Upgrading

Upgrading

Summary

This document provides instructions for upgrading a DC/OS cluster from version 1.7 to 1.8 using AWS cloudformation templates. It is recommended that you familiarize yourself with the Advanced DC/OS Installation on AWS before proceeding.

Important:

  • The upgrade process described involves deleting all the instances, it will NOT save any persistent data. If you have services which persist data locally to the cluster and the data should be preserved, it is recommended to create a second cluster running the new version of DC/OS and migrate the services and data to the new cluster.
  • The VIP features, added in DC/OS 1.8, require that ports 32768 - 65535 are open between all agent and master nodes for both TCP and UDP.
  • The DC/OS UI and APIs may be inconsistent or unavailable while masters are being upgraded. Avoid using them until all masters have been upgraded and have rejoined the cluster. You can monitor the health of a master during an upgrade by watching Exhibitor on port 8181.
  • Task history in the Mesos UI will not persist through the upgrade.

Instructions

  1. Login to the current leader master of the cluster.

    1. Using DC/OS CLI:

      $ dcos node ssh --master-proxy --leader
      
    2. After you are logged in, run the following command. This command creates a new 1.8 directory (/var/lib/dcos/exhibitor/zookeeper) as a symlink to the old (/var/lib/zookeeper):

      $ for node in $(dig +short master.mesos); do ssh -o StrictHostKeyChecking=no $node "sudo mkdir -p /var/lib/dcos/exhibitor && sudo ln -s /var/lib/zookeeper /var/lib/dcos/exhibitor/zookeeper"; done
      
    3. Go to http://master-node/exhibitor.

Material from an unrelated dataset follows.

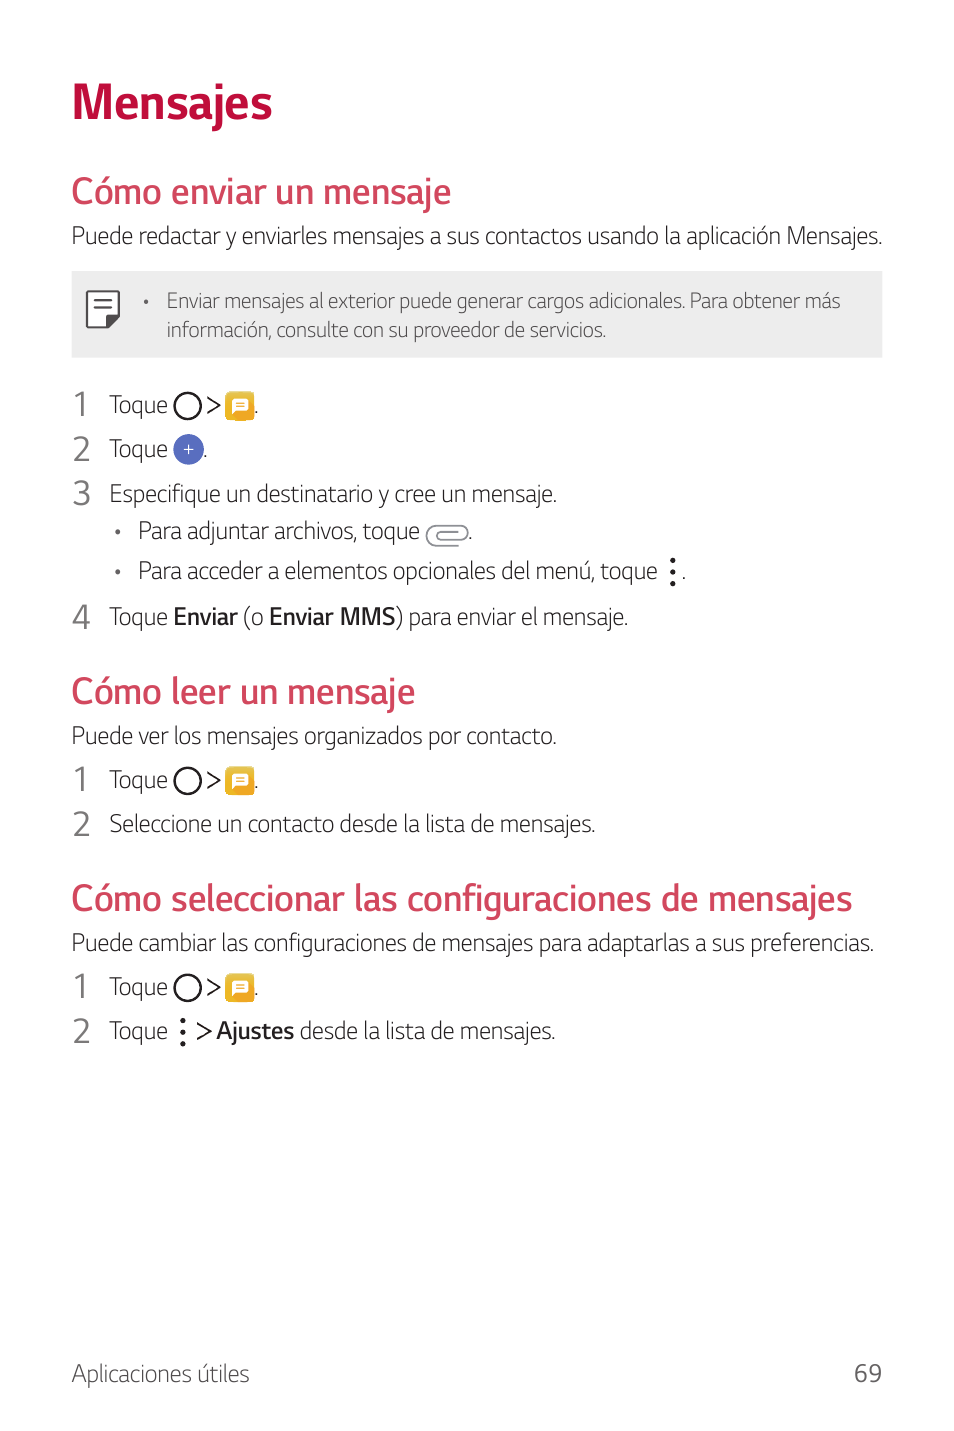 Mensajes, Cómo enviar un mensaje, Cómo leer un mensaje | Cómo seleccionar las configuraciones de mensajes | LG G6 H872 Manual del usuario | Página 70 / 185

      1. Go to config tab , it should have three fields which have (/var/lib/zookeeper). Exhibitor UI Exhibitor UI
      2. Edit the config and change all three fields that contain (/var/lib/zookeeper/) to (/var/lib/dcos/exhibitor/zookeeper/). Exhibitor UI Exhibitor UI
      3. Commit and perform a rolling restart. This will take a couple of minutes and during that time the Exhibitor UI will flash, wait for the commit to be performed fully.
    4. Make sure the cluster is healthy at this point.

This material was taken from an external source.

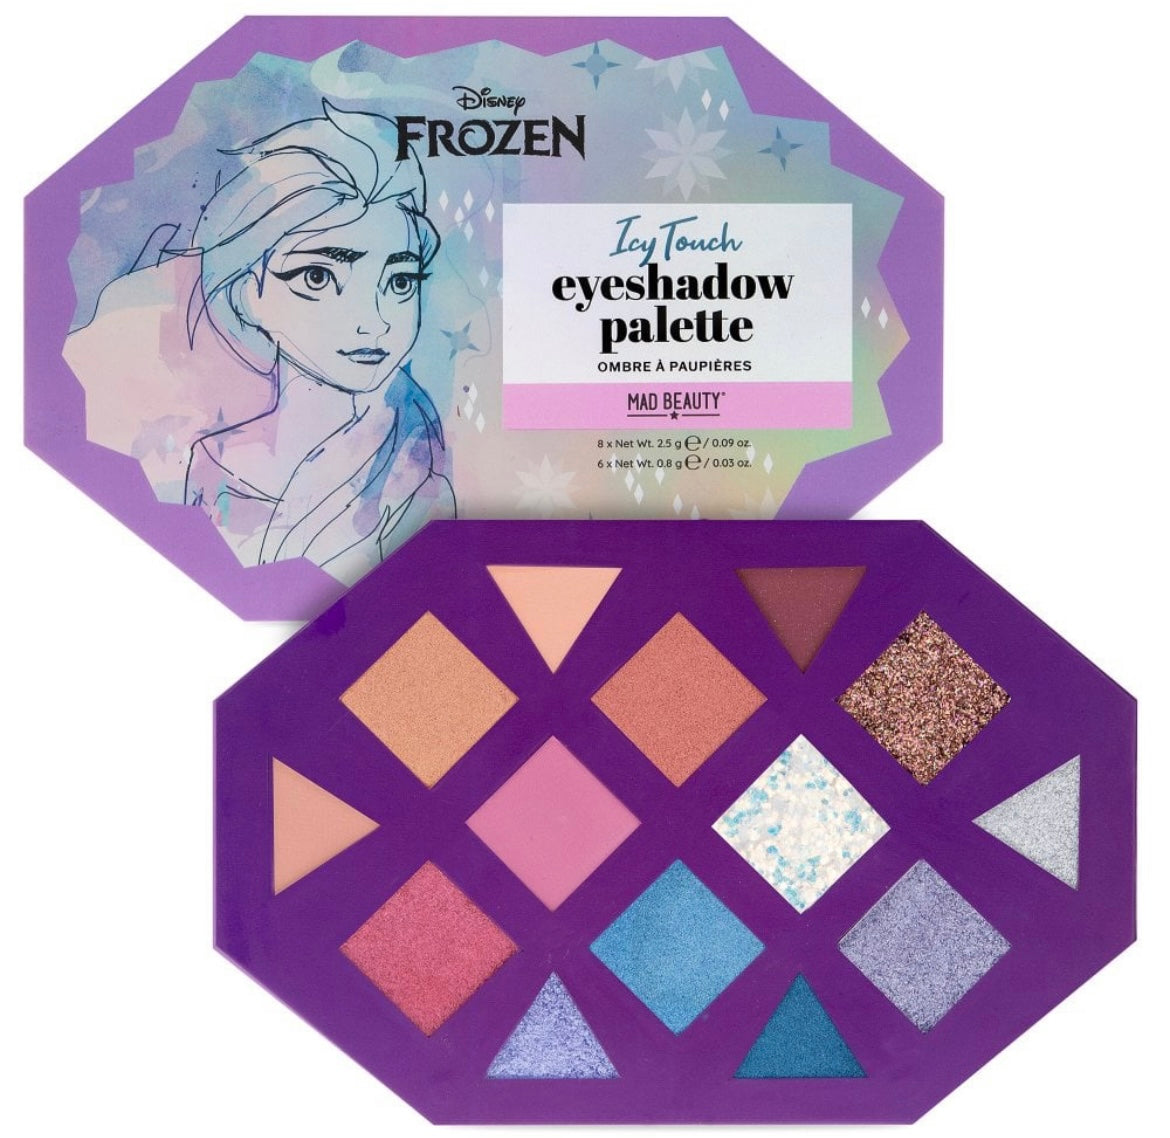 Disney Frozen Icy Touch Eyeshadow Palette

      1. Verify you can access the dashboard.
      2. Verify all components are healthy.
  2. Update Cloudformation stacks.

    1. Generate the new templates following instructions at Advanced DC/OS Installation Guide.
    2. See the AWS documentation on updating CloudFormation stacks.
    3. Update the Cloudformation stacks associated with the cluster in the same manner in which they were deployed. For example, if the zen template was used to deploy the cluster then it is only necessary to update the zen stack, since this will cause all of the dependent templates to update as well.
  3. Deleting instances

    1. Deleting master nodes.

      • Identify the ZooKeeper leader among the masters. This node should be the last master node that you delete. You can determine whether a master node is a ZooKeeper leader by sending the stat command to the ZooKeeper client port.

        $ echo stat | /opt/mesosphere/bin/toybox nc localhost 2181 | grep "Mode:"
        

        When you complete deleting each node, monitor the Mesos master metrics to ensure the node has rejoined the cluster and completed reconciliation.

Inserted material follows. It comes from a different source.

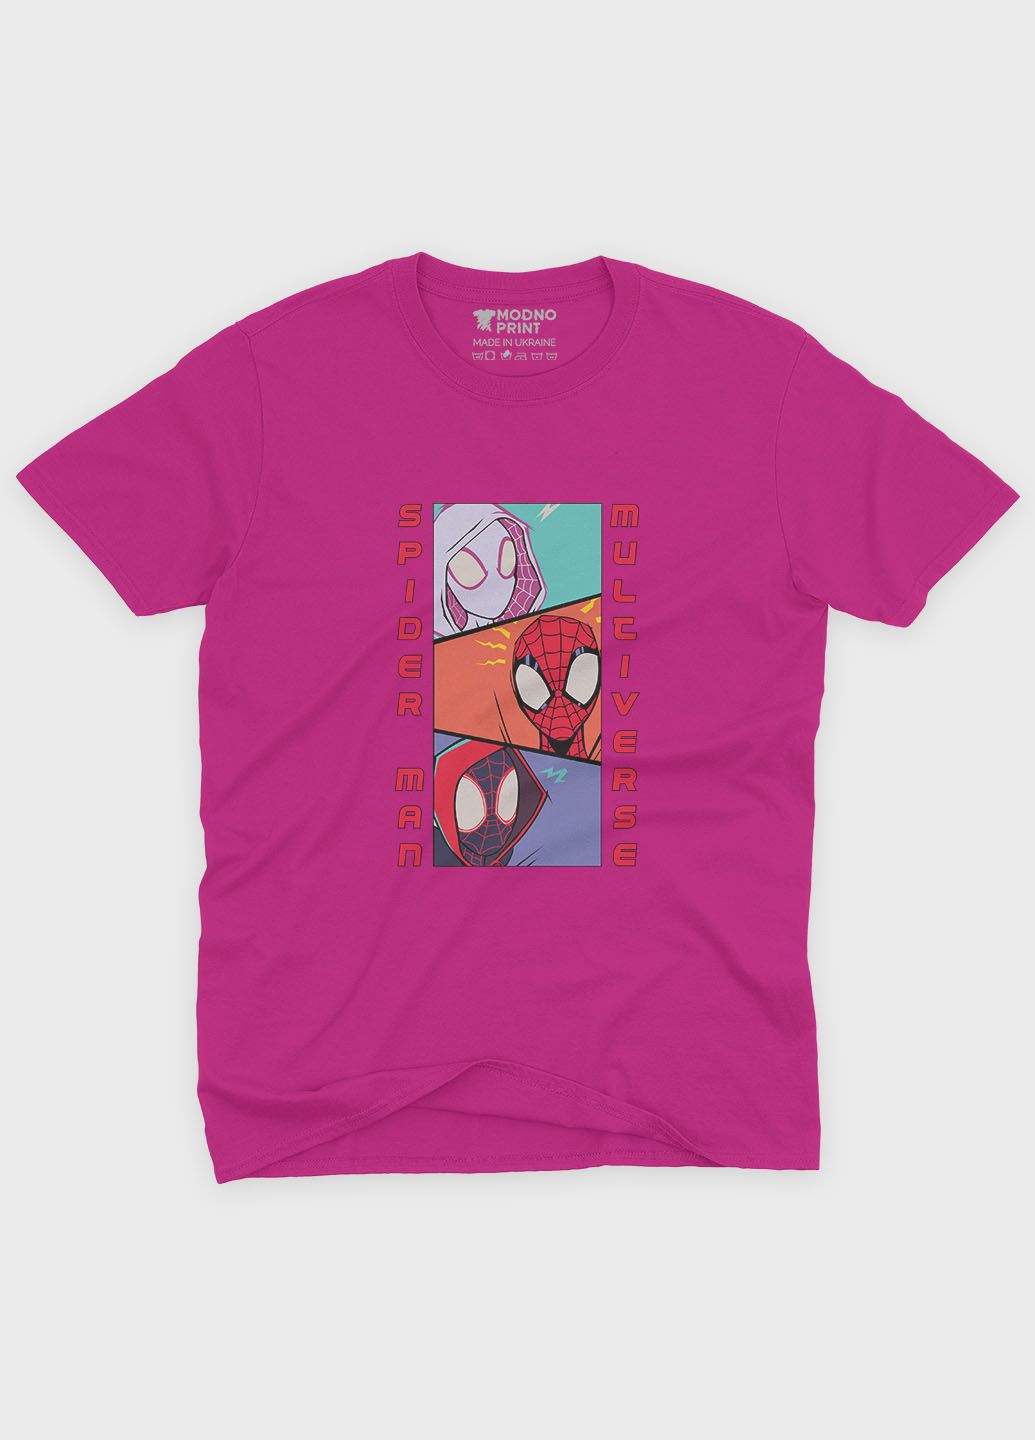 Розовая демисезонная футболка для мальчика с принтом супергероя - человек-паук (ts001-1-fuxj-006-014-047-b) Modno

    2. Validate the master deletion.

      1. Monitor the Exhibitor UI to confirm that the Master rejoins the ZooKeeper quorum successfully (the status indicator will turn green). The Exhibitor UI is available at http://<dcos_master>:8181/.
      2. Verify that curl http://<dcos_master_private_ip>:5050/metrics/snapshot has the metric registrar/log/recovered with a value of 1.
      3. Verify that http://<dcos_master>/mesos indicates that the upgraded master is running Mesos 1.0.1.
  1. Deleting agent nodes.

    1. Choose an agent node for replacement and shutdown the Mesos agent with the command systemctl kill -s SIGUSR1 dcos-mesos-slave or systemctl kill -s SIGUSR1 dcos-mesos-slave-public depending on agent type. This ensures that tasks are quickly rescheduled and the agent is cleanly removed from the cluster.
    2. Terminate the agent using AWS web UI or CLI tools.
    3. Verify a replacement agent node joins and is healthy. Watch the agent node count in the DC/OS UI to confirm the replacement agent joins the cluster.
    4. Repeat the above steps for all the old agent nodes.